Small bowel bleeding (SBB) accounts for 5%-10% of all gastrointestinal bleeding (GIB) cases. Several diagnostic modalities in SBB are performed. However, the small bowel is beyond the reach of these diagnostic modalities. A large amount of bleeding in GIB is a key factor leading to a poor prognosis. Appropriate and prompt diagnostic and treatment strategies are needed. Several diagnostic and management algorithms have been proposed. However, the processing of algorithm is complex and frequent mistakes are happened. Because of surgical aspects and sudden or gradual development of hemodynamic instability in SBB, algorithms considering surgical role and treatment have been published. The intra-operative enteroscopy (IOE) is a gold-standard method for detecting lesions in SBB. The primary goal of IOE is to detect specific bleeding focus in SBB. The determining the resection range is the secondary goal. In most cases in SBB, segmental resection is treatment of choice. However, in bleeding distal duodenum from distal to the ampulla of Vater to Treitz ligament, pancreas preserving distal duodenectomy could be performed. In terminal ileum bleeding, after resection of pathologic bowel, the reconstruction option is ileo-colic anastomosis or end enterostomy. Because of frequently developed postoperative morbidity and mortality, post-operative critical care is perfectly fit for an acute care surgeon’s role. Therefore, in the entire management process, an interprofessional team or multidisciplinary approach is critical for improving the quality of care of SBB and decreasing mistakes.

Introduction

Small bowel bleeding (SBB) accounts for 5%-10% of all gastrointestinal bleeding (GIB) cases [1]. Most GIB cases (except SBB) are detected by esophago-gastro-duodenoscopy and colonoscopy.
In principle, SBB is defined as bleeding that occurs distal to the ampulla of Vater and proximal to the ileocaecal valve [2]. In practice, several diagnostic modalities in SBB are performed. However, the small bowel is beyond the reach of these diagnostic modalities in most cases. Obscure focus is very common in SBB. For occult and obscure SBB, the treatment is conservative. For overt and obscure SBB, surgical decision making, diagnosis, and treatment are inevitable and very important. This review summarizes surgical practice and difficulty in SBB.

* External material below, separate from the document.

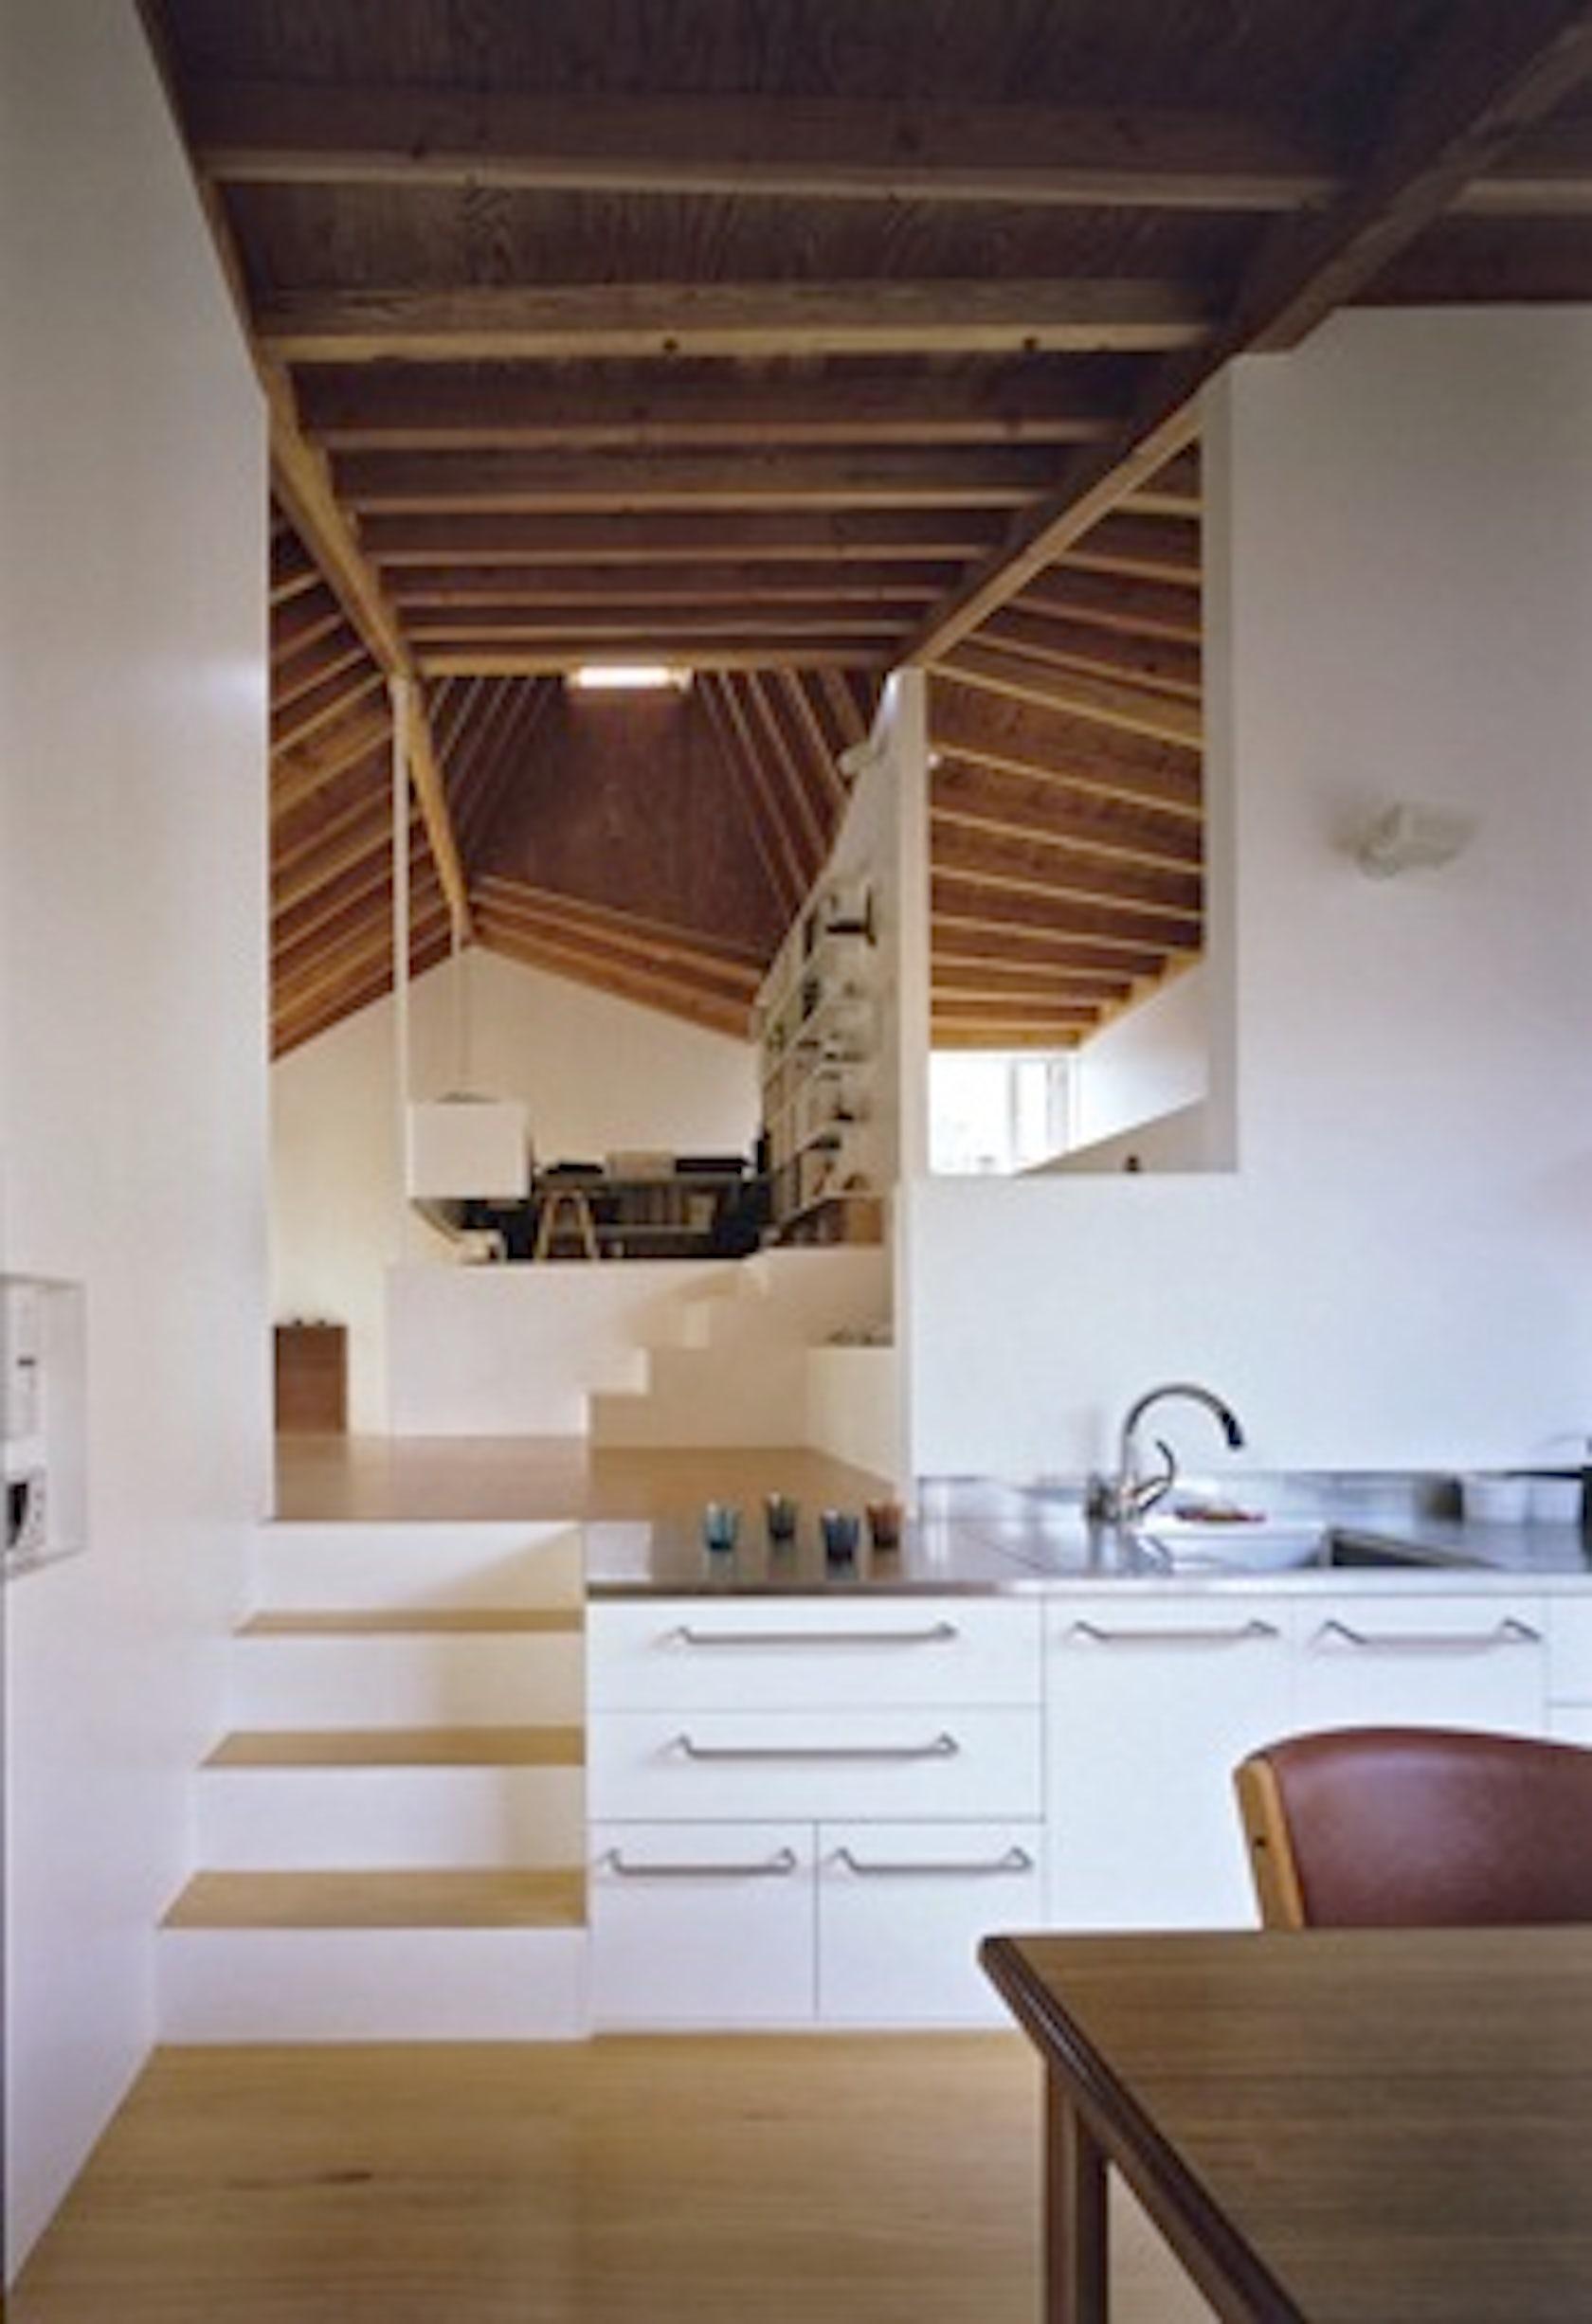 BMW Mountain View >> Nora House - Architizer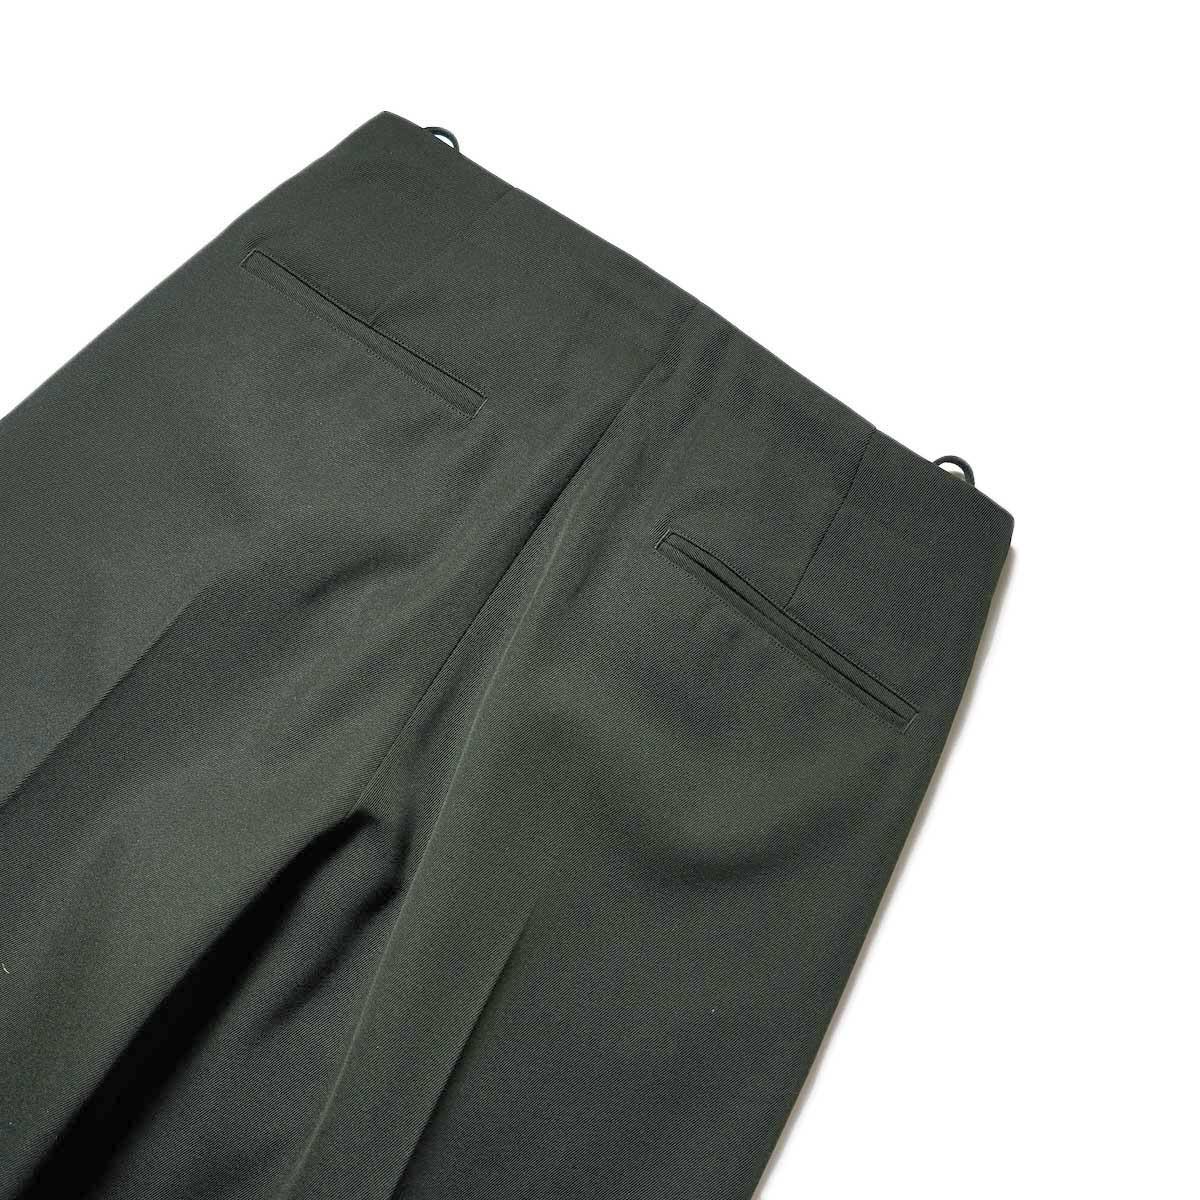 Blurhms / Wool Surge Super Wide Easy Slacks (Khaki Grey)ヒップポケット

Surgical decision making and acute care surgeon’s role

A large amount of bleeding in GIB is a key factor leading to a poor prognosis. Therefore, before a large amount of bleeding, appropriate and prompt diagnostic and treatment strategies are needed. Except for chronic and occult GIB, GIB patients with melena or hematochezia should be closely monitored. Especially, obscure focus bleeding in GIB after emergent endoscopy and computed tomography should consider SBB. In this stage, the expertise of endoscopist and radiologist is very important. Although SBB and obscure bleeding focus could be determined difficultly before operation, gastro-duodenal or colonic bleeding focus could be detected easily [3].
Recently, several diagnostic and management algorithms have been proposed [4-7]. These algorithms have several similar limitations. For example, the processing of algorithm is complex treatment. One characteristic of these algorithms focused on medical options is that ‘Many treatment options are proposed, but treatment of choice is not’. In the medical or diagnostic process, several mistakes are frequently detected (Table 1) [8]. Therefore, patient safety and better clinical outcome should be prioritized by decreasing mistakes during the diagnostic and treatment processes using algorithms [5].
Practically, when SBB occurs, diverse endoscopic evaluations and backup of emergency surgical treatment are needed. Occasionally, the margin between occult and overt SBB is ambiguous. Post-procedure related complications may happen after endoscopic treatment or radiologic embolization. Because of these surgical aspects and sudden or gradual development of hemodynamic instability due to ongoing bleeding, the surgeon’s role in SBB is very important in every processing stage of diagnostic modality. Surgical consideration, view, or opinion is poor in previously described or published algorithms [4-7]. Algorithms considering surgical role and treatment have been published in several studies [9,10].
Indication of surgical treatment in GIB has been described in a widely read textbook [11]. However, the surgeon’s role and treatment description about SBB are poorly described in the widely read textbook [11,12]. In emergency general surgery for peritonitis, GIB, and so on, an acute care surgery system has advantages in expert care for GIB [13,14]. Additionally, during the post-operative period, critical care is needed for cardiovascular events, acute kidney injury, pulmonary complications, and other critical illnesses [3,10,15]. Postoperative critical care is perfectly fit for an acute care surgeon’s role. Therefore, in the entire management process, collaboration between gastro-enterologist, endoscopist, radiologist and acute care surgeon is needed [16]. An interprofessional team or multidisciplinary approach is critical for improving the quality of care of SBB and decreasing mistakes [8,16,17].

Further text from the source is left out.